Menstrual cycle overview
- The menstrual cycle is the term for changes a woman’s body goes through to prepare for a potential pregnancy each month.
- Most women have their first period, or menarche, between the ages of 11 and 14, and have regular menstrual cycles until about age 50.
- The menstrual cycle typically lasts about 28 days; however, it is normal to have a cycle that is a few days shorter or longer.
- The days of a menstrual cycle are counted from Day 1 of menstrual bleeding to Day 1 of the next menstrual bleeding.
What is a menstrual cycle?
The menstrual cycle is the process by which a woman’s body prepares for pregnancy. Once a month, the female body grows a new uterine lining (endometrium) that is ready to receive and nourish a fertilized egg. If an egg is not fertilized, the uterus sheds the endometrium and a woman experiences menstrual bleeding, or her period.
Most women have their first period, or menarche, between the ages of 11-14 and have regular menstrual cycles until about age 50. The menstrual cycle typically lasts about 28 days; however, it is normal to have a cycle that is a few days shorter or longer.
The days of a menstrual cycle are counted from Day 1 of menstrual bleeding to Day 1 of the next menstrual bleeding.
The menstrual cycle is guided by hormonal signals sent by the brain. Estrogen causes the uterine lining to develop and thicken; follicle-stimulating hormone stimulates the development and release of a mature egg; and progesterone levels increase in order to help a fertilized egg attach to the uterine lining.
Menstrual cycle timeline
- Days 1-5: Menses phase – bleeding occurs
- Days 6-14: Follicular phase – an egg matures in the ovarian follicle, and the uterine lining prepares to receive a fertilized egg (embryo)

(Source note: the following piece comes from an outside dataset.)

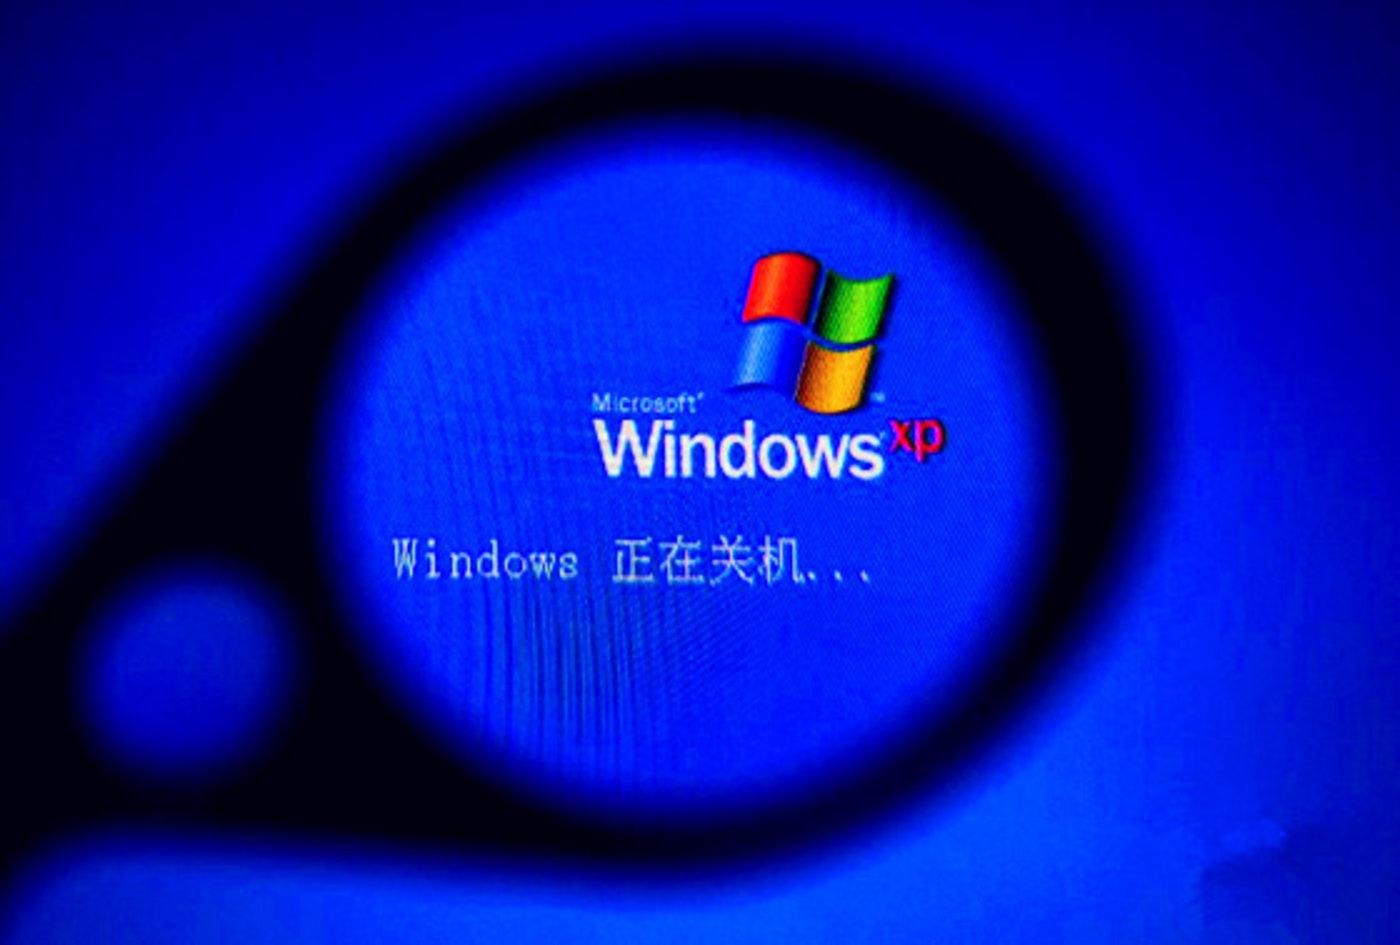 微软windows xp

- Day 14: Ovulation – the ovary releases the egg, which can be fertilized by a man’s sperm if present
- Days 15-28: Luteal phase – the egg travels through the fallopian tubes to the uterus; if fertilized, the embryo may attach to the uterine lining and the woman will become pregnant; if the egg is not fertilized, the uterine lining will shed and the cycle will begin again.
Common menstrual problems
Most women can predict their menstrual cycle due to its regularity, however, there are a few common problems that can affect the cycle:
- Amenorrhea – lack of menstrual cycle
- Dysmenorrhea – painful periods
- Abnormal uterine bleeding.
Amenorrhea is a term used to describe the condition of women who haven’t gotten their period by age 15 or women who haven’t had a period for more than 90 days. The most common cause of amenorrhea is pregnancy.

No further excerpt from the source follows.